Given information:
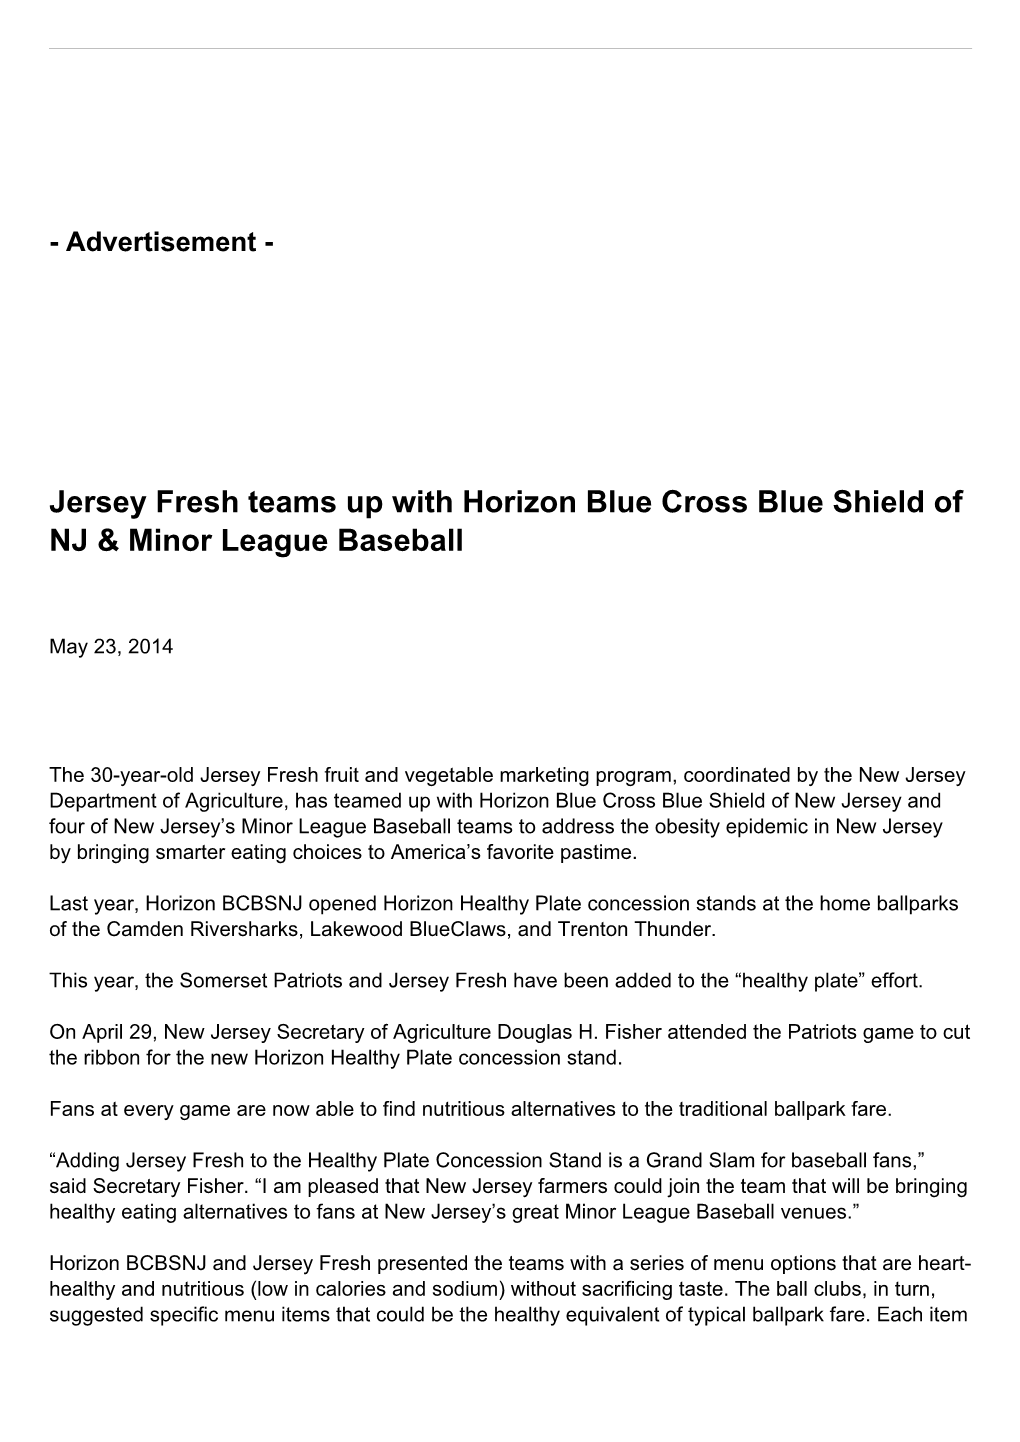 Jersey Fresh Teams up with Horizon Blue Cross Blue Shield of NJ & Minor League Baseball
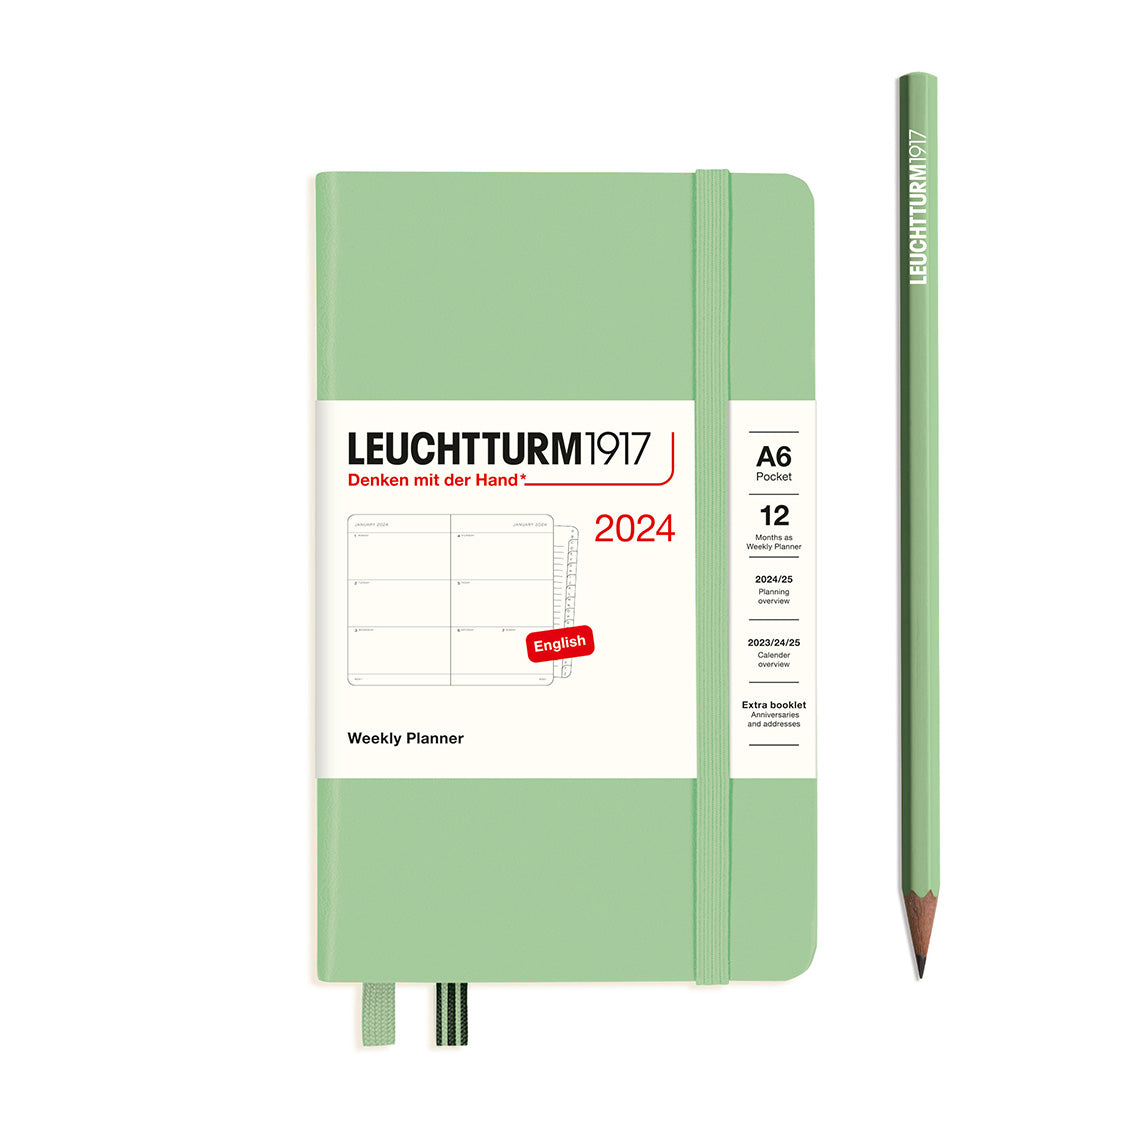 Leuchtturm Weekly Planner - Pocket (A6) 3 1/2" x 6"
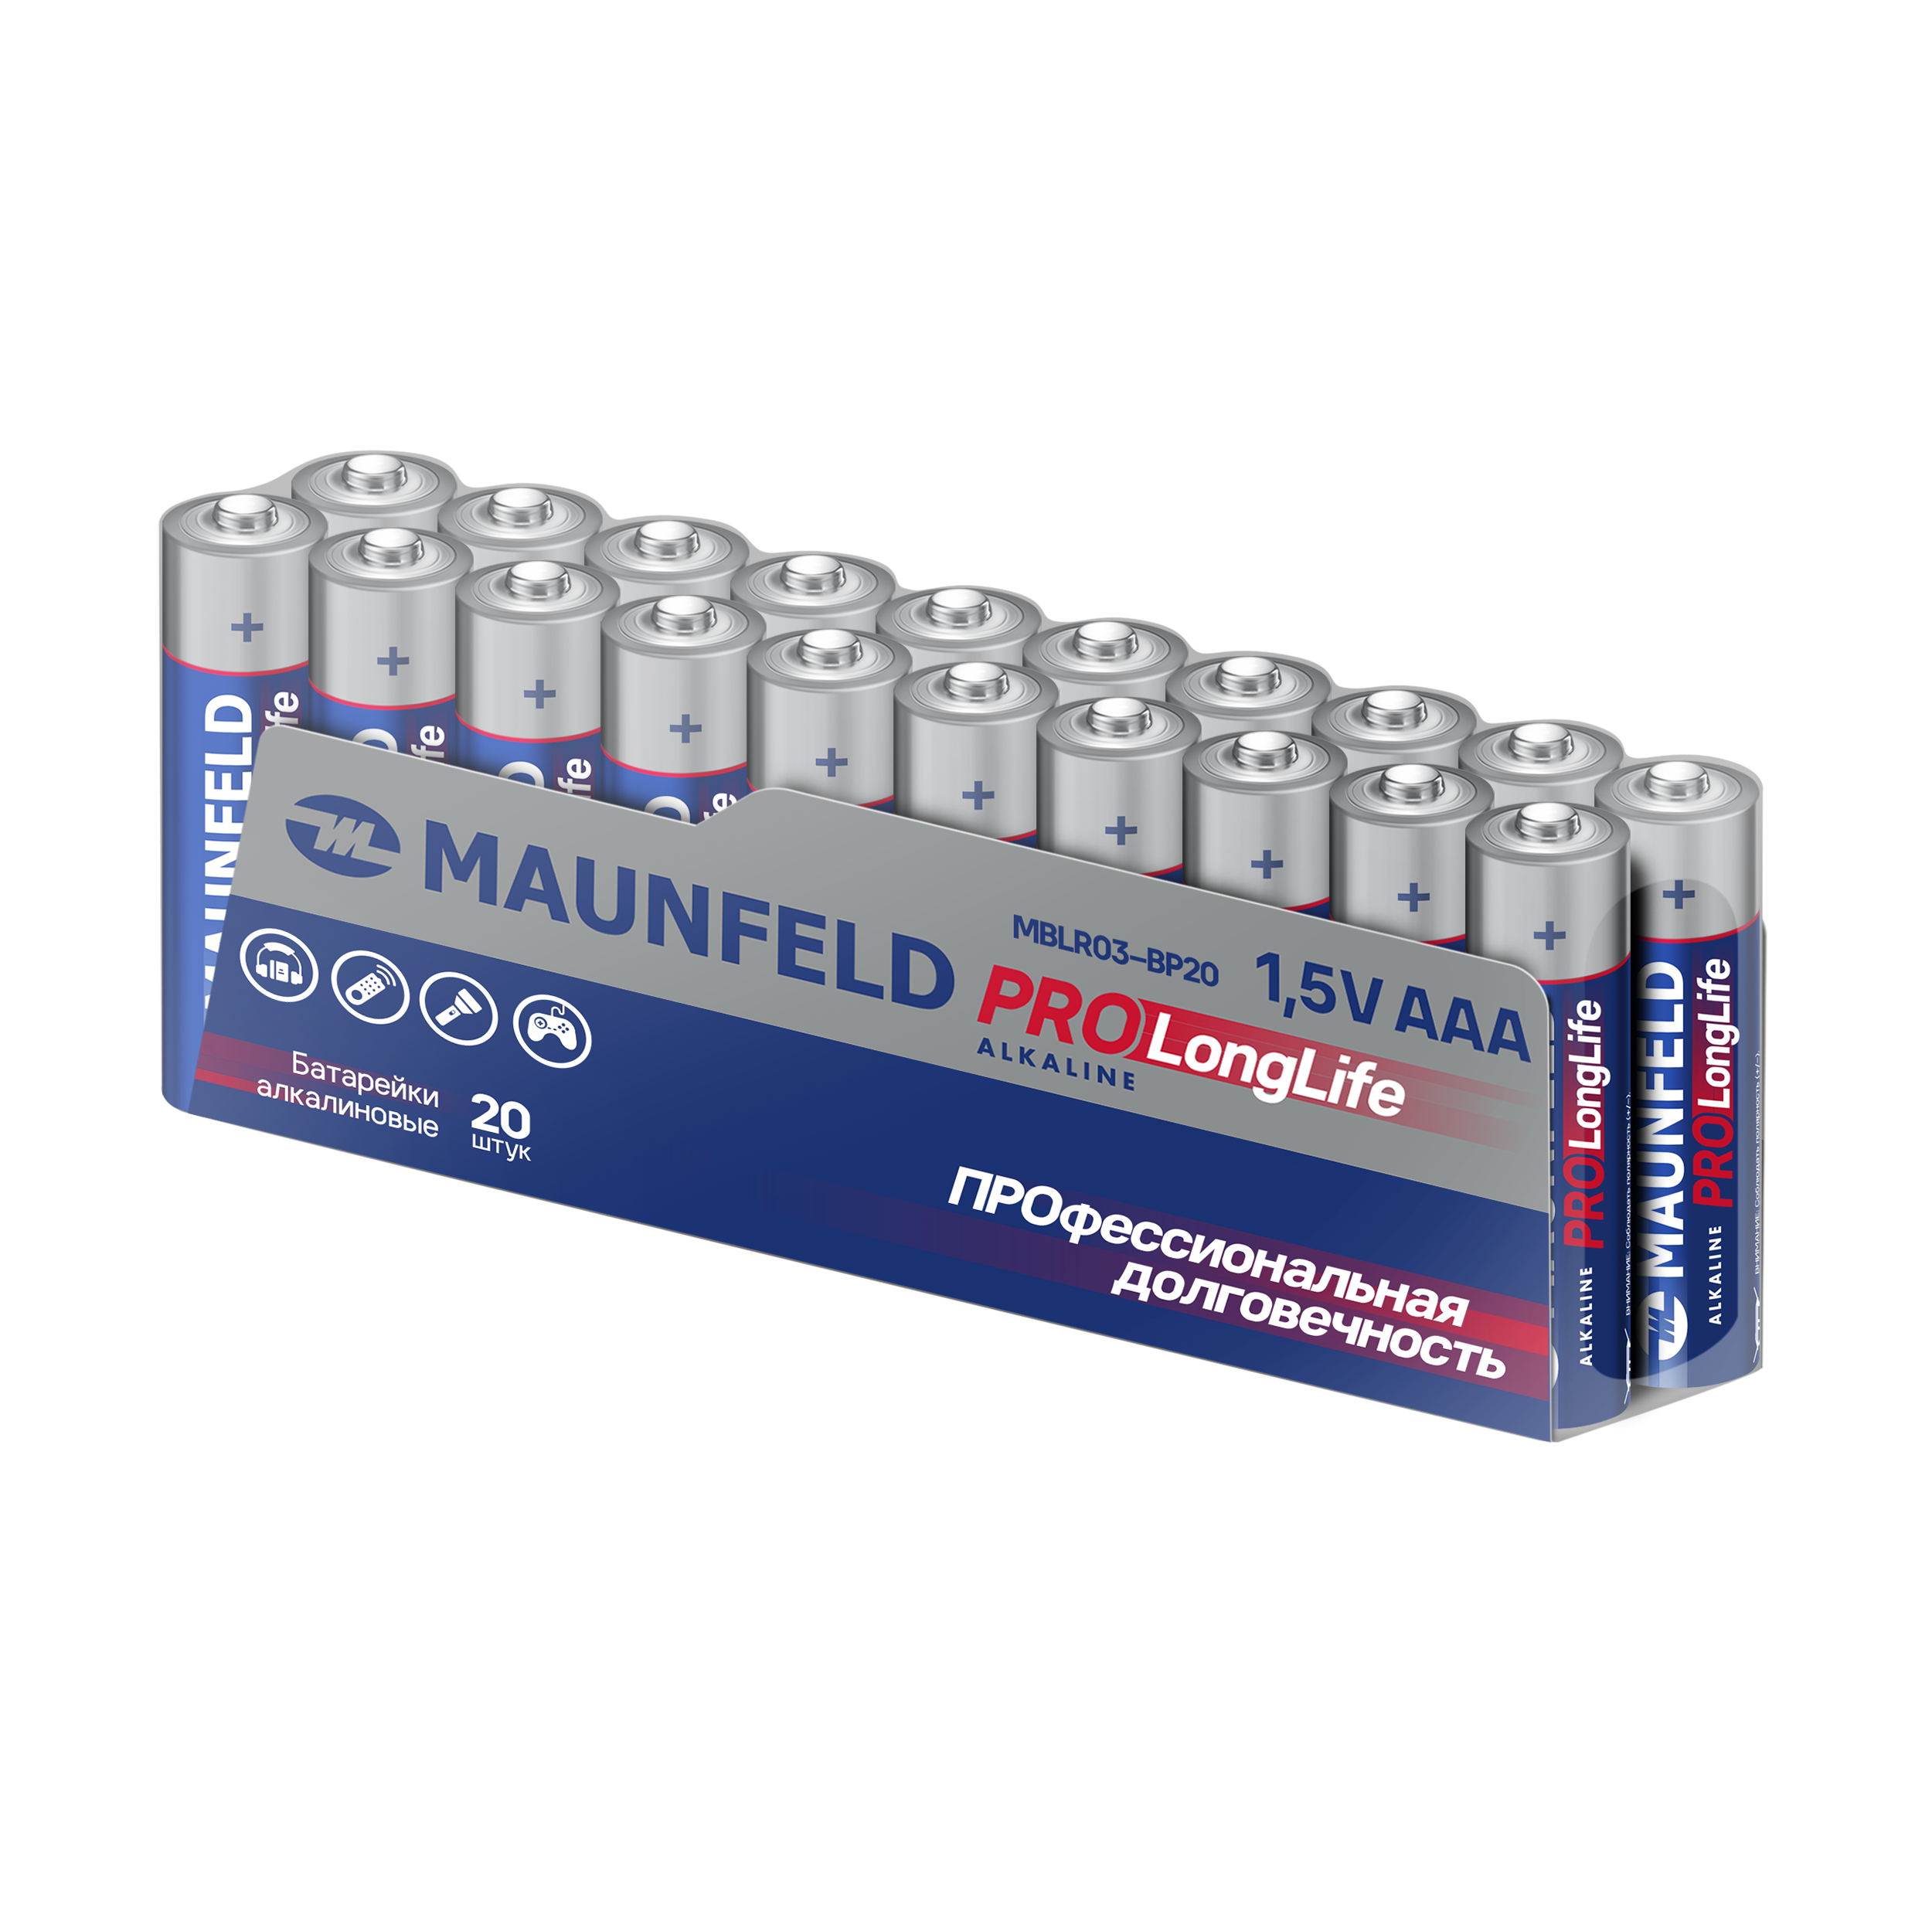 Батарейки MAUNFELD PRO Long Life Alkaline ААА(LR03) MBLR03-PB20, упаковка 20 шт.
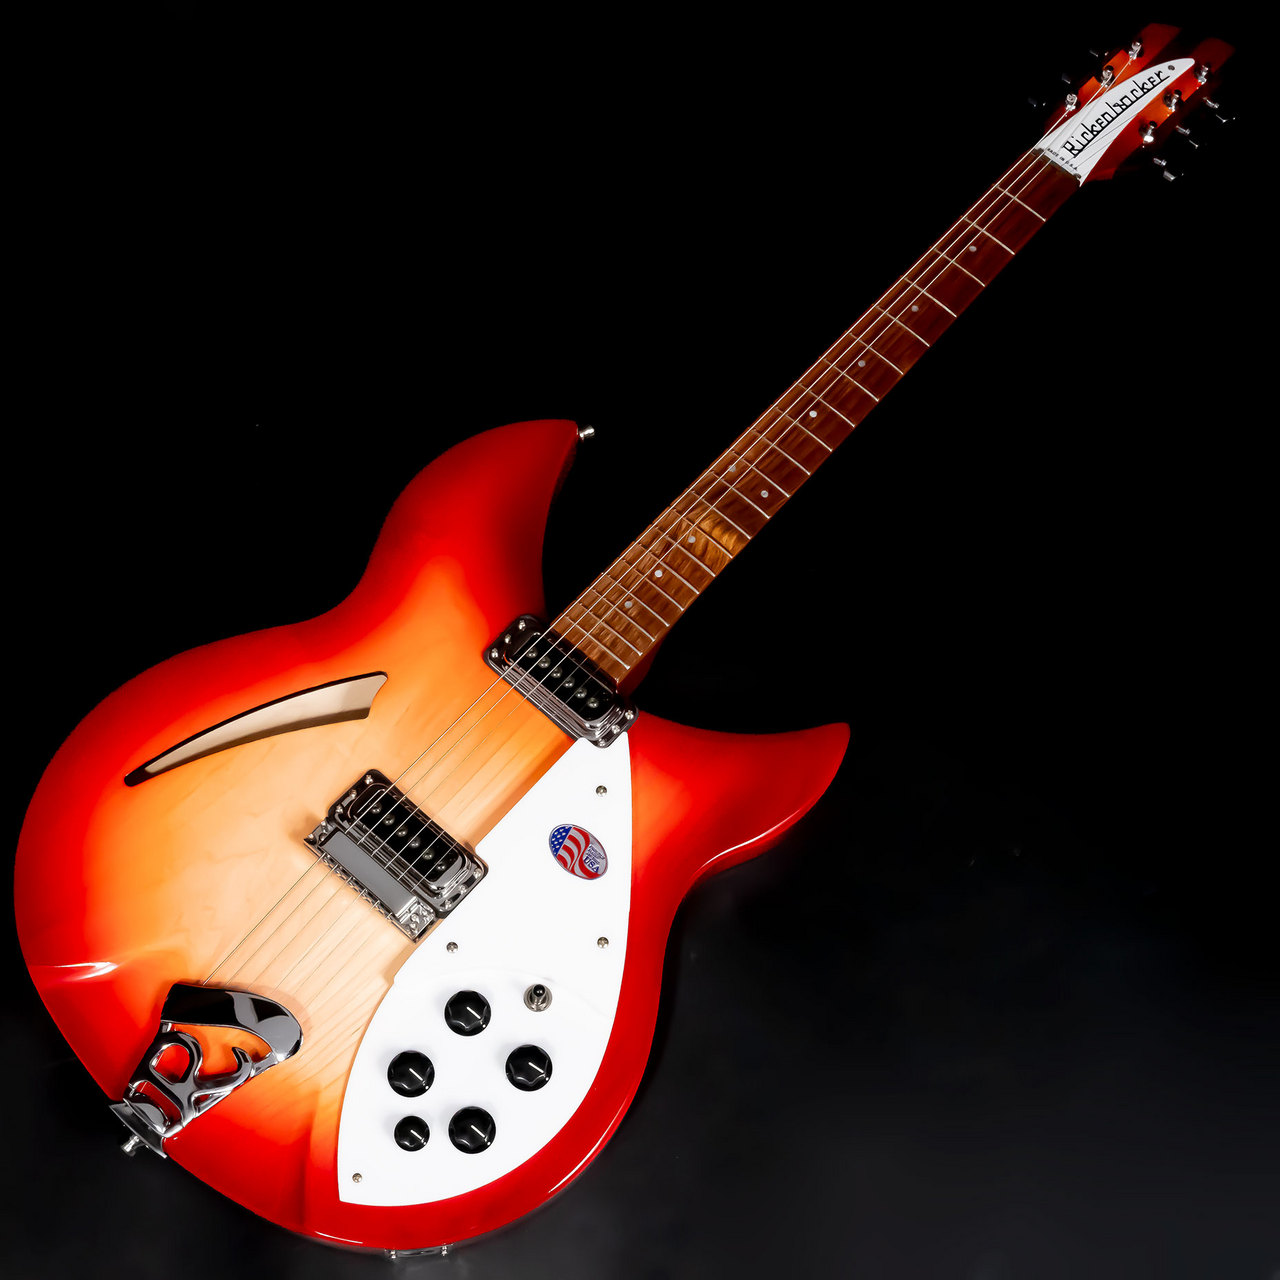 monogram リッケンバッカー330 タイプ MR-700G FG 日本限定 - ギター

Task item: Copy the full listing above exactly, apart from the pictures.

Completed exercise:
 Jersey Fresh Teams up with Horizon Blue Cross Blue Shield of NJ & Minor League Baseball
 Leuchtturm Weekly Planner - Pocket (A6) 3 1/2" x 6"
 Батарейки MAUNFELD PRO Long Life Alkaline ААА(LR03) MBLR03-PB20, упаковка 20 шт.
 monogram リッケンバッカー330 タイプ MR-700G FG 日本限定 - ギター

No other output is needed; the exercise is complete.